The 3 most common foot problems when running!
By Podiatrist Chris McCormick
As the weather rolls out of the winter doldrums and into the bright light of spring it’s the perfect time to dust off those running shoes and get moving! The days are getting longer and warmer and the running event calendar is building (it’s less than 3 months to the Melbourne Marathon!). As we increase our running distance and frequency in preparation for running season so too does the injury rate, especially to those beautiful, hard working pedals at the bottom of your leg (your feet!). The most common running related injuries (and how to successfully manage them) of the foot are:
Plantar fasciitis: This is the most common injury that occurs to the foot due to running. While it’s name suggests it’s an inflammatory condition this is misleading as this type of heel pain is due to many factors including nerve compression, fascial adaptation and loss of shock attenuation. People with this type of pain report morning stiffness out of bed, pain after rest and often report soreness while running. Thankfully, the PHG Podiatry team is well equipped to get your back on your feet! Treatment includes: strapping/orthotics, shockwave therapy (this has been shown to very effective in reducing pain quickly) footwear adjustments, dry needling, massage, foot mobilisation, running re-training and adjustments and strengthening of the foot/ankle through a tailored program.

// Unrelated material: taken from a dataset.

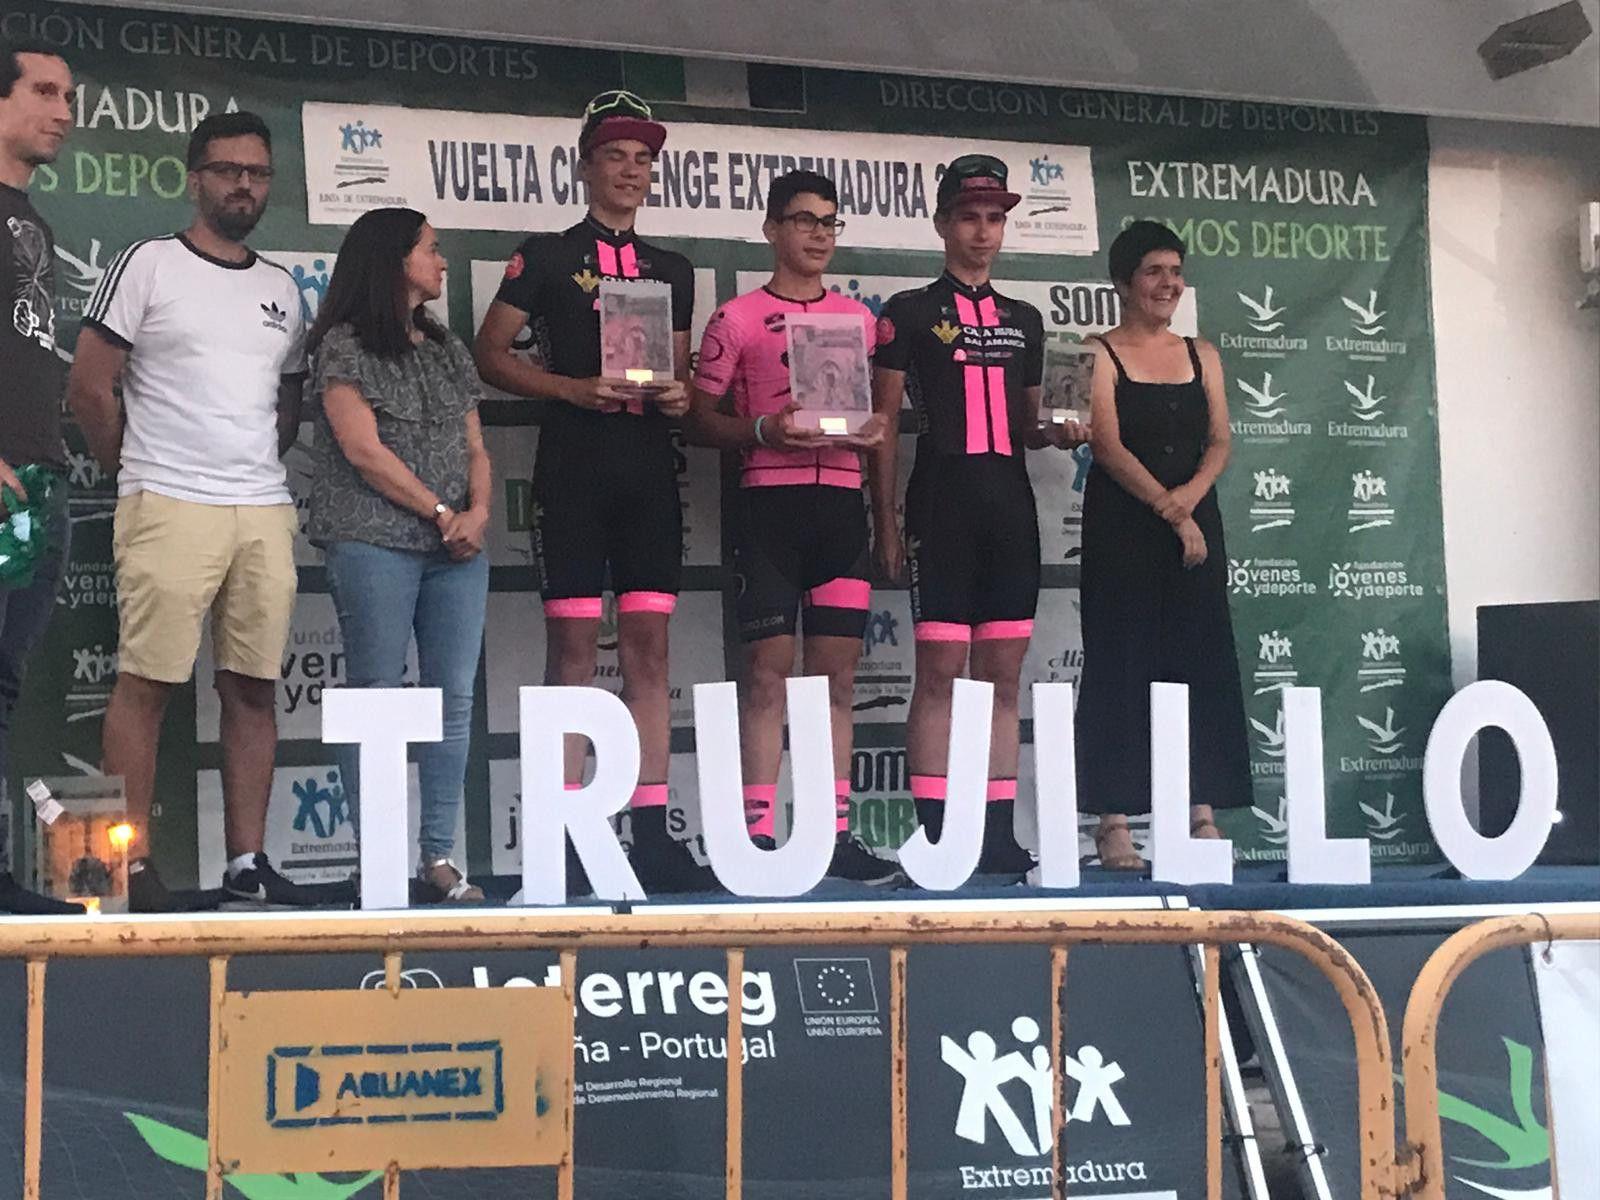 Podio Subida Castillo Trujillo, segundo Javier Martu00edn y tercero Juan Mari Cuella

Forefoot pain: Pain under the ball of the foot is commonly reported while running, especially under the 2nd + 3rd toe joints. People who are experiencing this pain often report a dull ache or shooting sensation under the ball of their foot. Most commonly this pain occurs due to an inefficient movement pattern of the feet, resulting in injury due to overload. Treatment is focused on restoring normal foot function through orthotics, strapping/padding, foot mobilisation, dry needling and foot/ankle strengthening.
Stress fractures: We most commonly see stress fractures when people ramp up their training too quickly. Our bodies are great at adapting to new stimulus but we need time to do this. People will described a dull ache like sensation through a bone that can sometimes ache in bed at night. Stress fractures feel worse when undergoing high loading activities such as running or jumping. A period of modified rest is often needed initially to allow the bone to heel. During the rest period, we aim to address all the risk factors that contributed to the problem through dry needling, strengthening of the foot/ankle, foot mobilisations and possibly orthotics.
Our feet are amazing things, they have 26 bones, 33 joints and 33 muscles/tendons per foot. The best way to avoid any foot injury is to slowly build yourself up with your running frequency/distance, giving your body and feet the time they need to adapt.